I have discussed this before but lately I have seen some uninformed internet newsletters trying to claim real estate lending may start again soon. Here are the reasons this is not going to happen.
  1. The banks have hundreds of billions of bad loans to deal with and it will take a couple of years at best to deal with all these.
  2. The lending departments of most lenders have been totally eliminated. They were either fired or moved over to doing workouts and servicing.
  3. There are many flaws in the way securitization works with the tranches. This has led to tranche warfare. The whole structure is now revealed as flawed and until it is revised and fixed, volume lending will not resume.
  4. The lending documents are now just starting to be tested in court and until there is more clarity on what works and what does not in court, there will not be new securitized lending. The standard docs need to be revised and that will take time.
  5. There is no way to know what the right pricing of assets is yet, so lending is hard to do when there is no set value to the underlying asset.
  6. The whole rating agency situation needs to be clarified. Who pays them for ratings. Will they be over conservative to avoid another debacle and make ratings so conservative that many securitized loans will not work.
  7. Many of the major securitized lenders are gone- Lehman, Merrill, or are unable to return-Capmark, I Star, Citi. There are not the institutions in place to generate the volume required to just replace the outstanding loans.
  8. Until lenders stop granting extensions and deal with the reality of greatly reduced values of the assets, then there is no way to restart lending new loans or even refinancing. Nobody is going to refi an existing loan that had high leverage of say 75% of 2007 values. There needs to be a massive reset to reality on value.
  9. The government needs to get out of the way. There is such uncertainty about new regs and compensation rules, that there is no way to know currently what is allowed or how to compensate lending officers "to avoid risk" as Congress and the regulators demand.
  10. The major banks and the small local banks are continuing to hide the reality of the required write-downs. This is due to the capital constraint issues. Until this is dealt with there is no way to get any material new lending going.
The bottom line on all of this is that it will take a long time to work through all of these issues and lending of any magnitude simply cannot restart until all of these issues is resolved. There will be some small amounts of banks loans at small increments, but it is a drop in the ocean. Some large loans might get made using TALF, but these are very conservative, TALF only applies to the AAA tranche, and only the best borrowers will get to play. Even with that there is still no new securitized loan in place although Citi, Deutche, JP Morgan and others are trying to figure it out.

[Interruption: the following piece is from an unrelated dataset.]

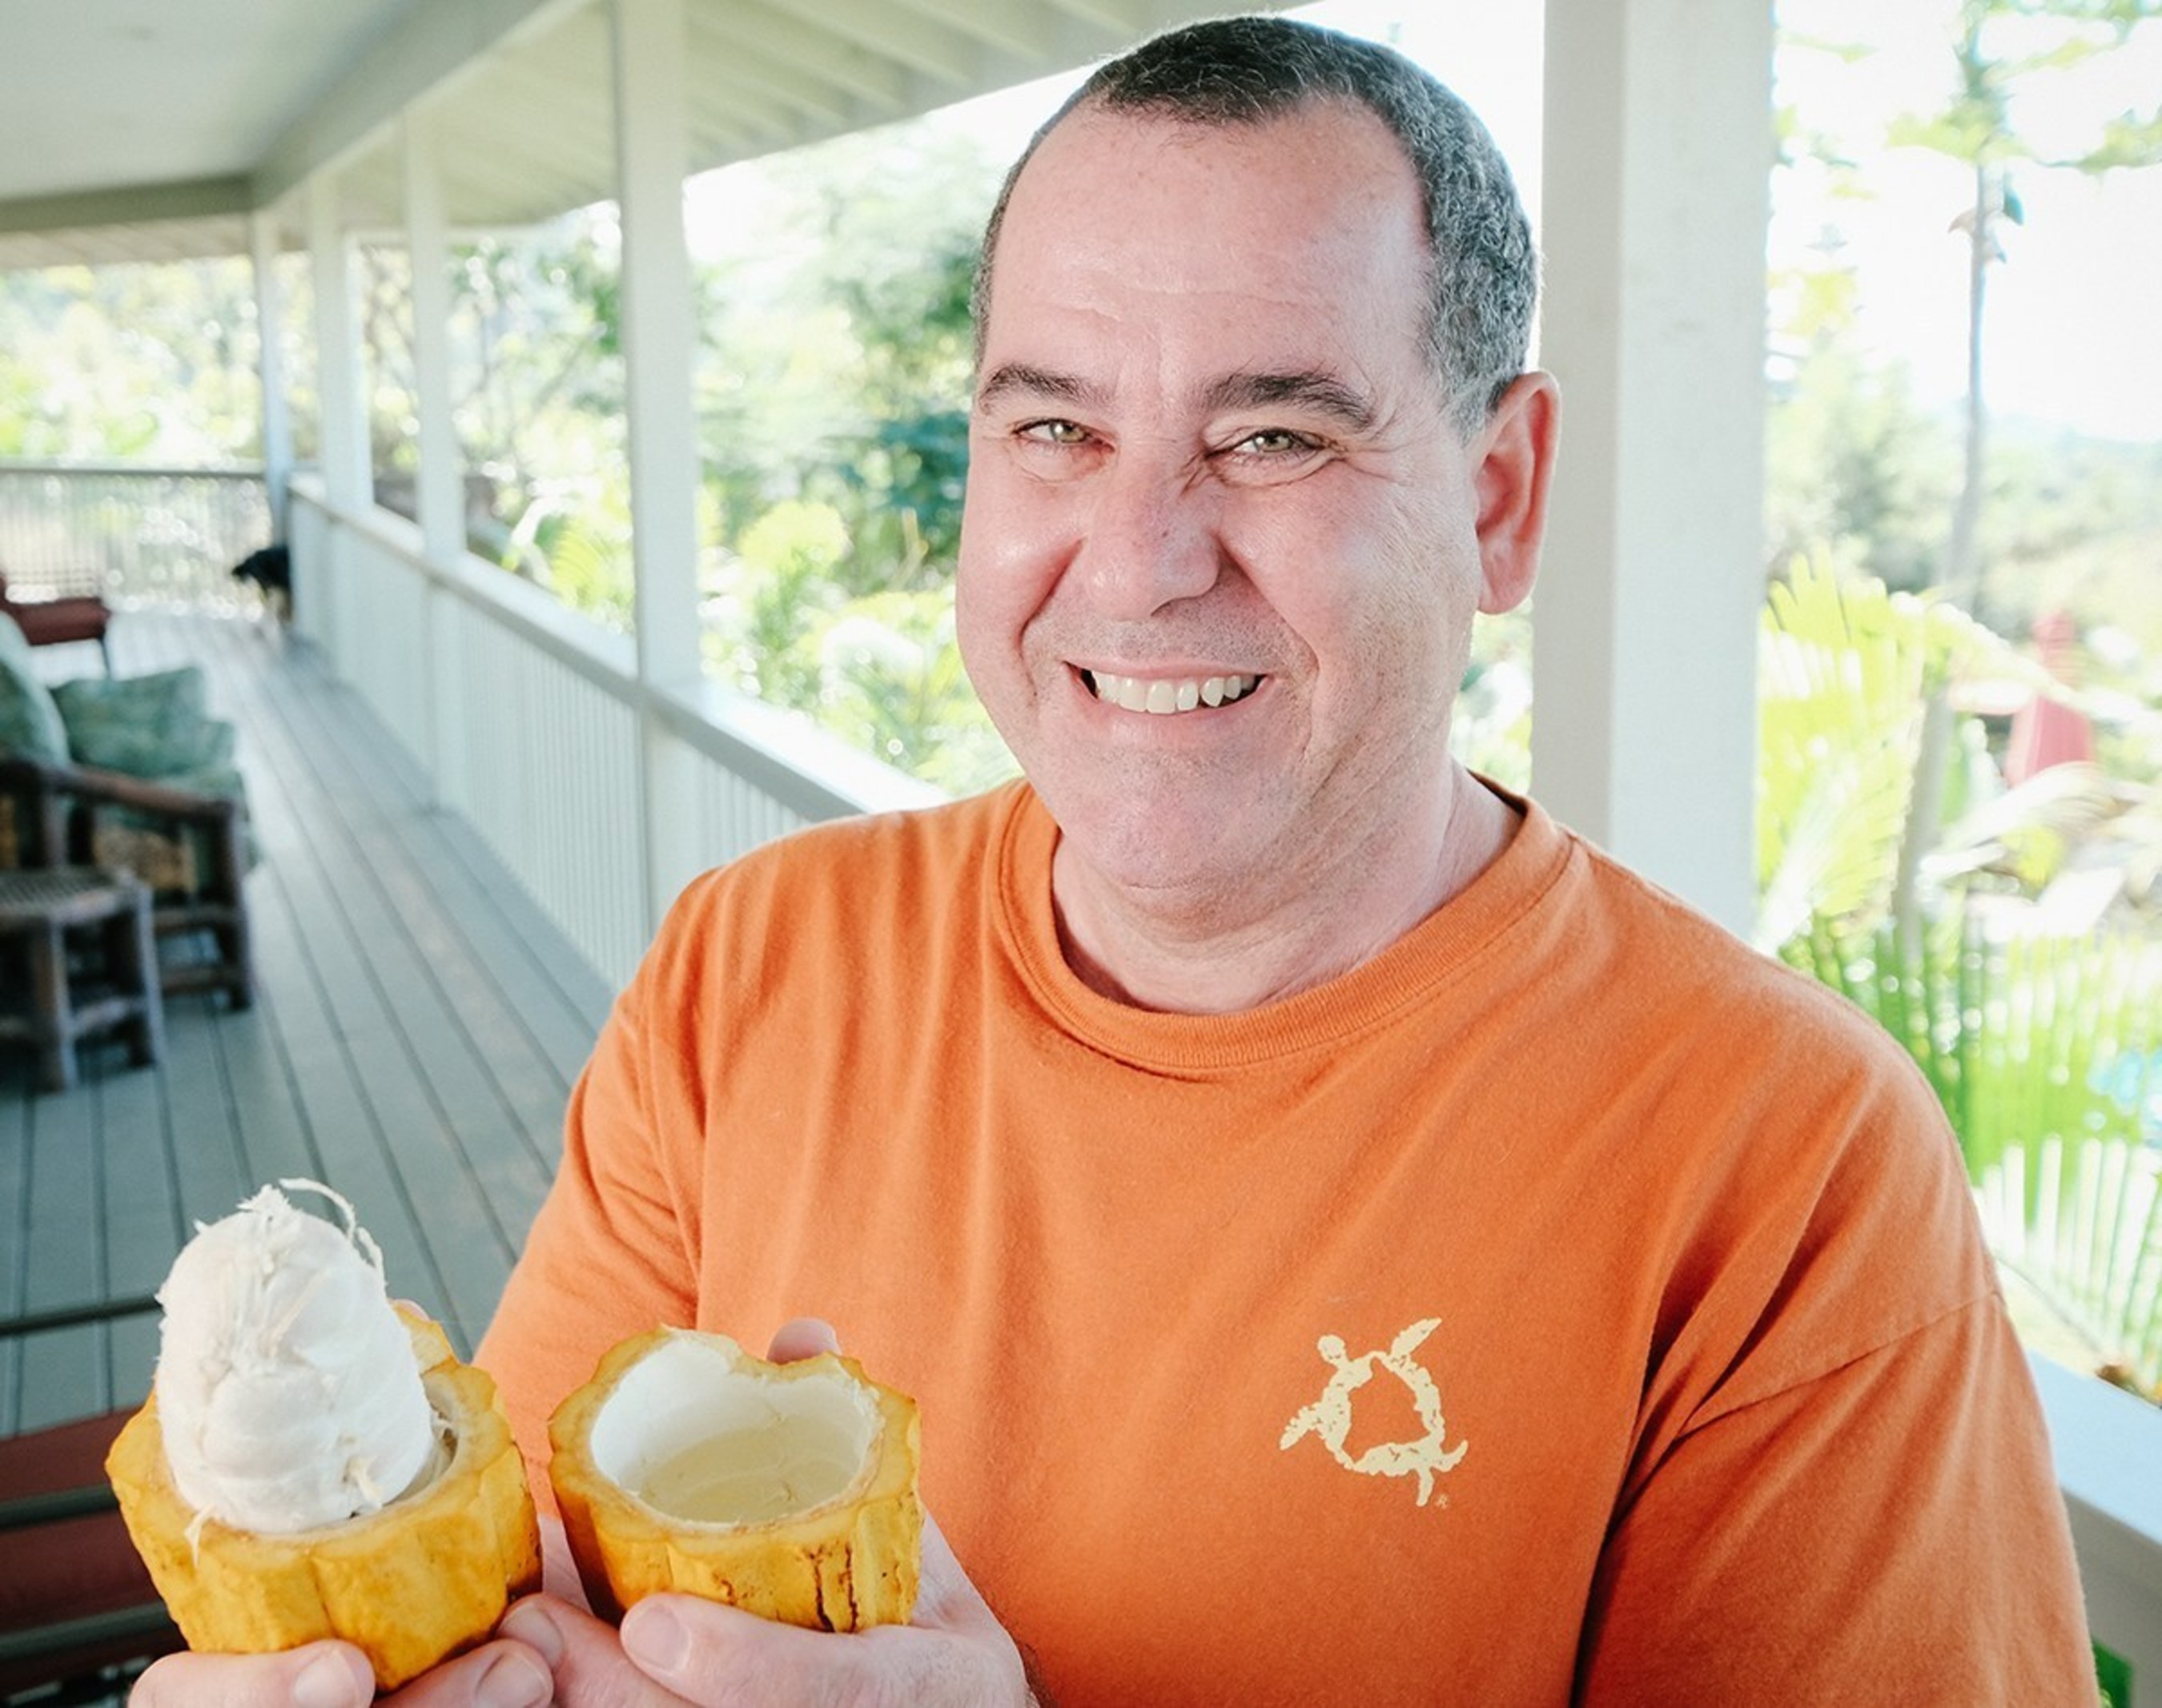 Greg Colden, co-owner of Kokoleka Farms, a cacao farm in Kona, Hawaii holds a cacao pod. Guests of the chocolate tour will sample the raw cacao and chocolate created from the cacao on the farm.

All of the extended loans as well as hundreds of billions of new maturities will be coming over the next 2-3 years. The problem is far from getting fixed.


Subject: Ross Rant 6-19 The Fed,new proposed regs, etc

First you need to understand there are 12 Fed local districts and each has an appointed president. Except for New York, the local Fed presidents are the local link between the Fed in Washington and the local community.

Information flows back and forth, but they are mainly community outreach as well as the source for the beige book and local intelligence for the Fed analysts in DC. They have zero policy roles. Only the Fed governors in DC make policy. Only the president of the NY Fed has any real role beyond what is described here. So the whole discussion about Congress having a role in appointing local Fed presidents is all about politics and Congress wishing to insert its involvement.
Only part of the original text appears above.